Fourth and final, forgive. You need to let that "ish" go. I understand that many of you may not really care, but forgiving even the smallest hurt brings so much freedom. You don't need to call up the guy and start some kind of drama from saying you forgive him for not being there, but in your own heart, really forgive him. Think of all of the things that he missed out on, and forgive him. Think of all of the knowledge he could have taught, and forgive him. Reach deep down inside yourself, and any animosity and resentment need to be sacrificed on the alter of forgiveness. Let go, so that when you press on in your own life, you don't press on in bitterness, but rather in love and freedom.

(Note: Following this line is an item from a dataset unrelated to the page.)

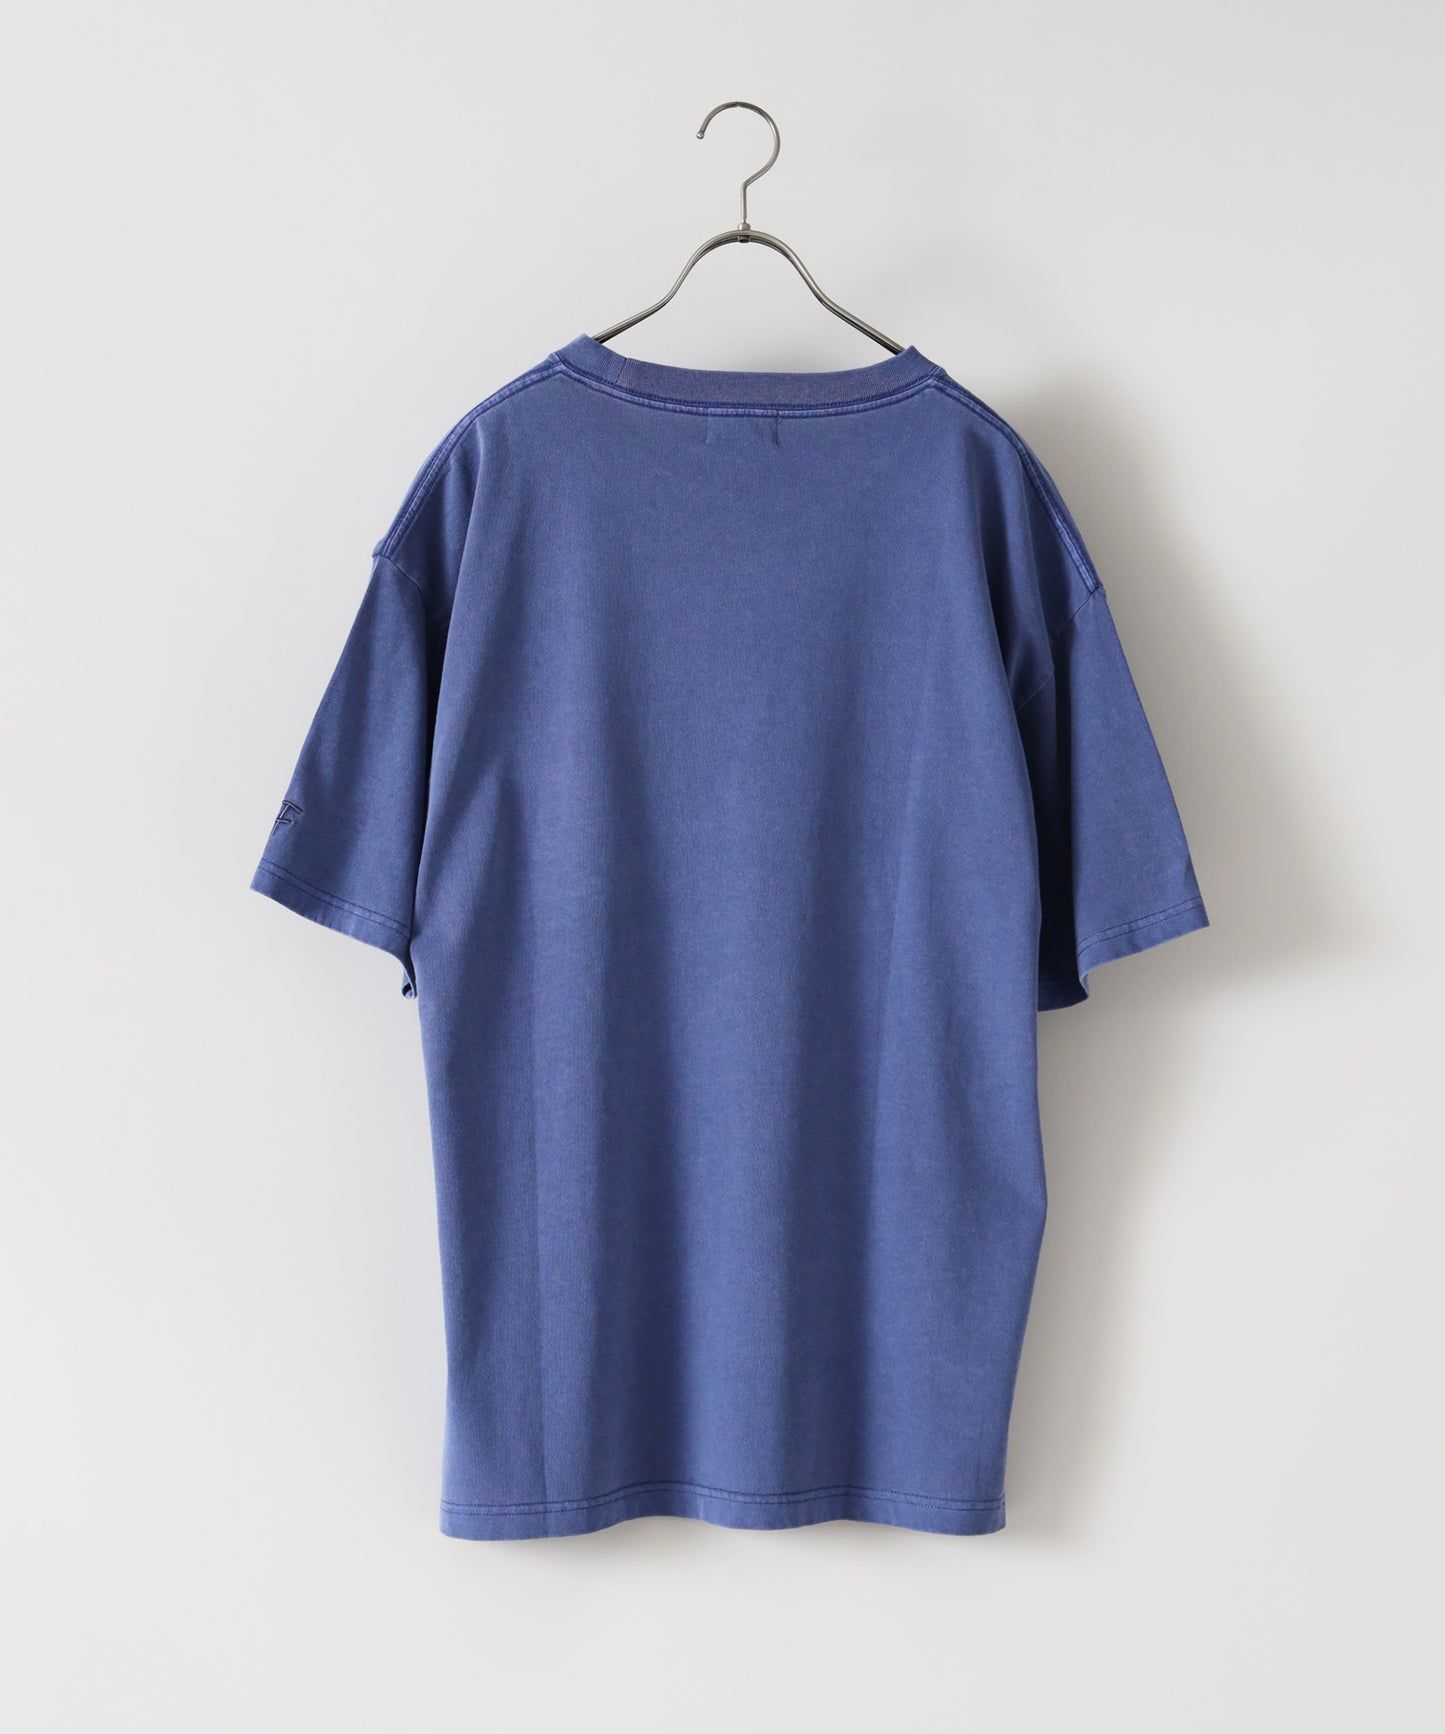 【FFEIN】ヴィンテージライクロゴ刺繍ポケットTシャツ / ブルー

Father's day is a day that we celebrate truly great men. These are men who take responsibility, men who understand the weight of the title, "Dad", men who hunker down to keep their family stable amidst the storm. Yet, many of us have been scarred by the exact opposite. Well no longer! Touch that scar and fill yourself with pride that you too can celebrate, and I'm right there with you! Happy Father's Day to those men who are going to be the opposite of the negative example you were given! Happy Father's Day to those who will help raise the next generation to not know what neglect feels like. Happy Father's Day to all of you who will be brave enough to take a stand to be that steady base amidst the storm in your future families. Finally, Happy Father's Day to those of you who will step in where other men can't and won't.